'He was a very big man,' he says aloud, without realizing he is speaking.
'Wrap him in a big sheet,' the driver suggests. He became voluble when he realized Rafferty could speak Thai, and he has entered completely into the spirit of this hypothetical murder. He twists the hairs growing out of his mole as inspiration strikes. 'Dye it black so you can carry it at night.'
'That's good, but getting him here…She's just one woman, and I don't think she's a big one.'
The driver pulls a packet of Krong Thip cigarettes from his shirt pocket and fires one up. 'Cut him in pieces.'
The stains on the bathroom floor. 'Make four or five trips carrying an arm, a leg? That's a lot of back-and- forth. Somebody would notice.'
'Boyfriend,' the driver proposes instantly. 'Kill fat husband, get help from skinny boyfriend.'
'Could be.' Up until now he has always seen Doughnut acting alone. On the other hand, there were the four men who beat him up in the soi.

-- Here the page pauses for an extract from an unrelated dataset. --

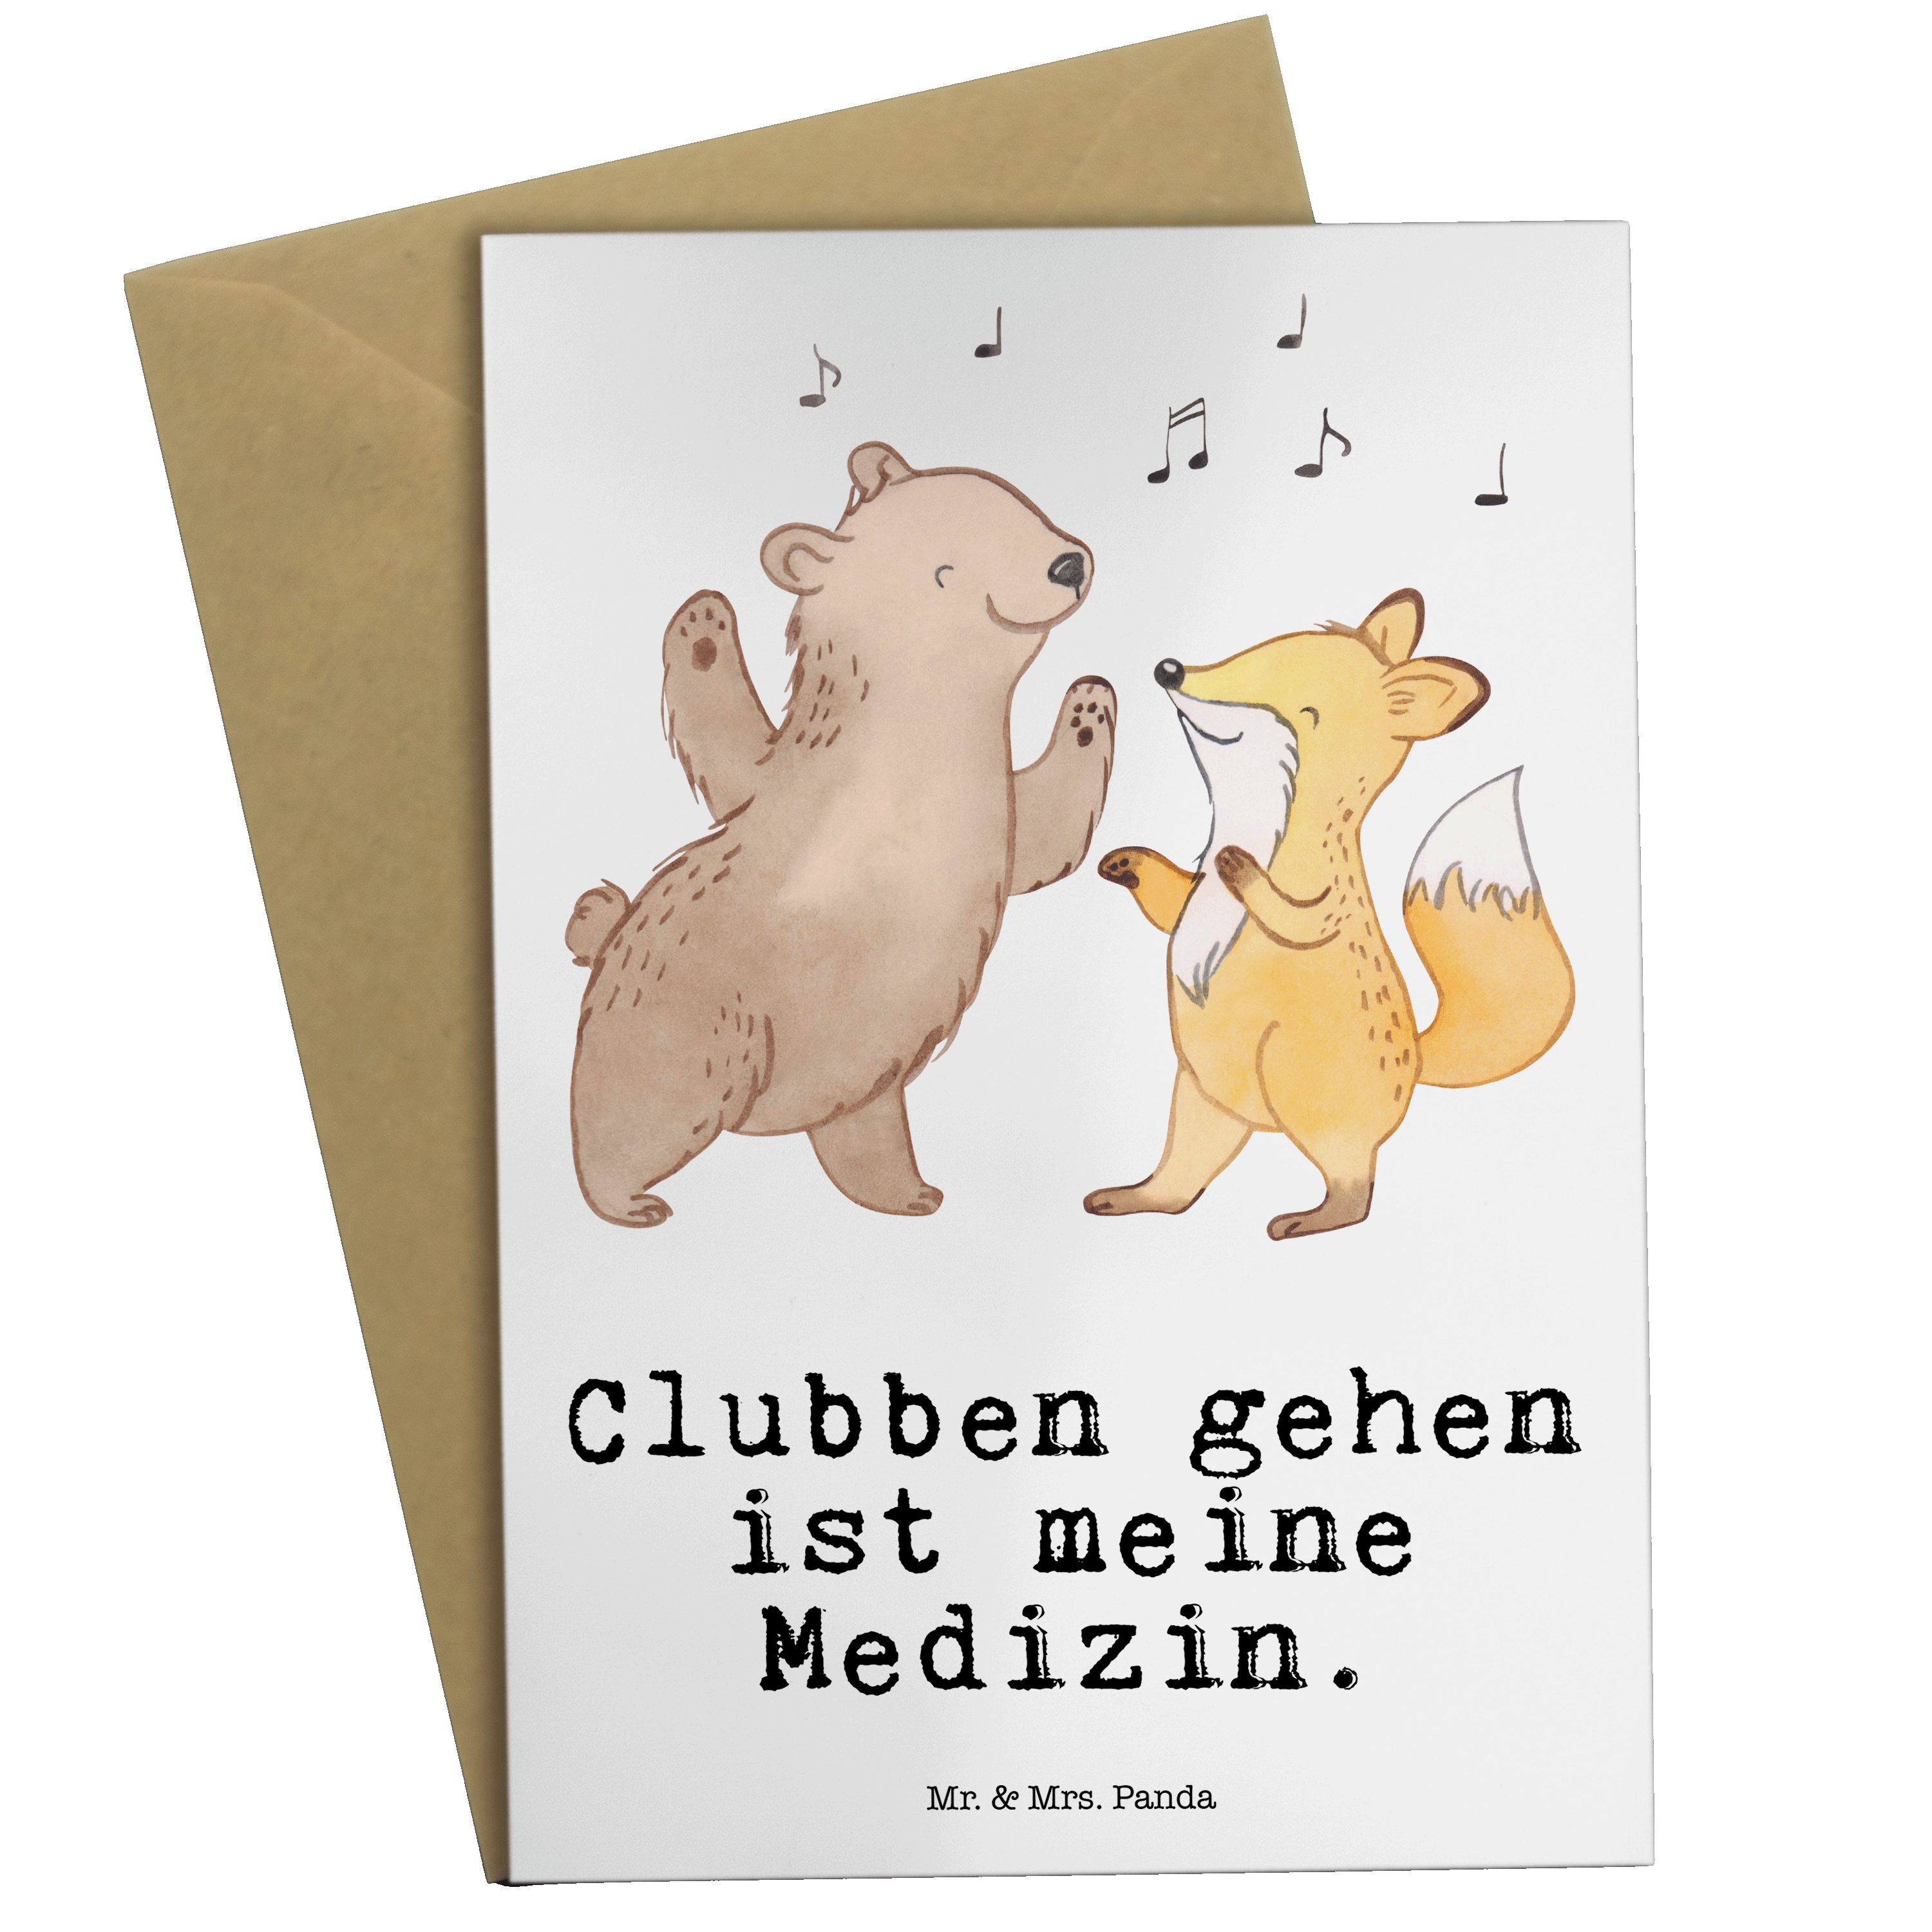 & Mrs. Geschenk, Mr. Medizin Schenken, - Fuchs Hochzei Grußkarte Panda & Danke, Weiß Bär - Disco

There is a pause while they both think, and then the driver says, 'Good man, bad man?'
'Very bad man.'
The driver's face glows red from the coal on his cigarette. 'So no problem. One bad person dead. Plenty left.'
This is an argument Rafferty has been getting a lot of. 'Let's go home.' He is suddenly light-headed from lack of sleep. He has a disorienting sensation of motion, as though the river were still and they were gliding sideways.
By the time he walks into the apartment, it is four-thirty. The kids are still asleep, Superman's sheet once more on the floor. He picks it up and covers the boy again, and Superman stirs and his eyes half open. Rafferty is startled by how fast he moves. Within less than a second, he is curled against the wall, knees drawn up protectively, glaring at Rafferty. His teeth are bared.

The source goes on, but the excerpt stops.